A ladders of learning ident

BBC Knowledge was launched on 1 June 1999 with the intent of creating a multimedia learning channel. The idea was that computers, interactive TV via the Red Button and television could come together to make a new, factual, learning channel for children and adults alike. The launch identity consisted of cartoon characters climbing 'ladders of learning' between clouds against an orange background. All the idents featured the station logo, which followed the BBC style design of the time by having the station name follow the BBC logo in upper case. This white logo would appear at the end of ident.

The idents all featured characters, drawn by Michael Sheehy, shown with items such as a magnifying glass, telescope or rolls of paper. Several variations of the ident were made featuring different characters prominent on the ladders of learning. The ident was also used as the background to programme menus with characters seen climbing the ladders of learning in the background with programme information overlaid and centred to accommodate widescreen. These characters could also be seen as stills on launch promotional material and on the BBC Knowledge website.

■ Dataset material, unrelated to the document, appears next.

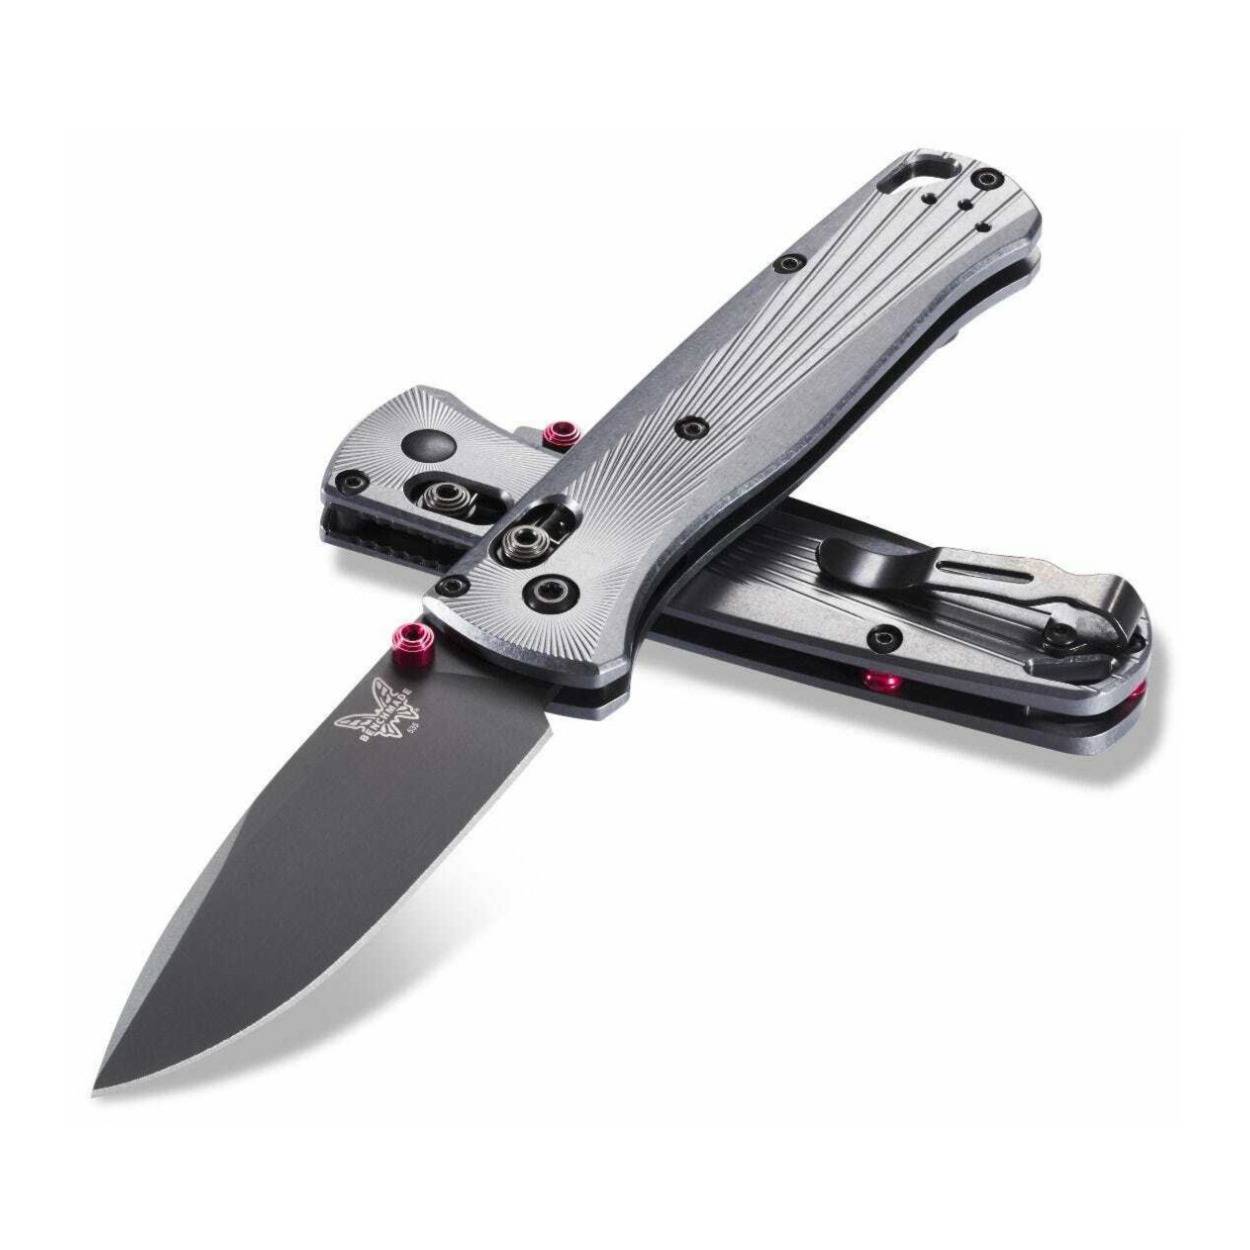 Benchmade Knives Sale: 34 Models 30% Off + Free s/h

The channel launched with a Digital on-screen graphic (DOG), in line with the BBC practice at the time. However, different from the other channels which used the station logo, BBC Knowledge used the URL of their website 'www.bbc.co.uk/knowledge'. The use of this promoted the website tie in with the channel. The channel also used credit promotions where additional content or information is promoted over a programmes end credits, by reducing the credits to a smaller size and filling the information in the remaining space. Another style of presentation utilised was that of viewer videos, shown either as part of the shrinking credits, or between programmes.

The presentation for the channel as a whole was in 16:9 widescreen from launch, however all information was kept in a 4:3 safe area, so no information was lost to viewers watching on a 'full screen' television. Information included the logo, promotions and the DOG.

===Circles (2000–2002)===
In January 2000, following the approval of the new BBC Four, BBC Knowledge's programming was realigned to better reflect the new channel. A single ident was utilised instead featuring a circle made out of different materials which would move forward and off the screen at the viewer. These could be made with a variety of objects. The musical accompaniment followed the choral and instrumental style. This sequence lasted until the station went off air. Promotional style remained the same with the BBC Knowledge logo seen at the bottom. The DOG also changed to the BBC Knowledge logo.

=== Stranded idents ===
The channel had always utilised a stranded layout to make genres of programmes easy to find on the new channel. However, special idents began to appear for each strand from c.2000. These featured an object, before a fact about it related to the strand appears and ends on an image with the strand name shown clearly on screen, with a letter encircled at the centre of the screen. It is unclear whether these idents were replacements of the normal idents, or complementary to them, however it appears they complemented them, with these idents being used in the stranded sections, with the animated idents used for general interest programming.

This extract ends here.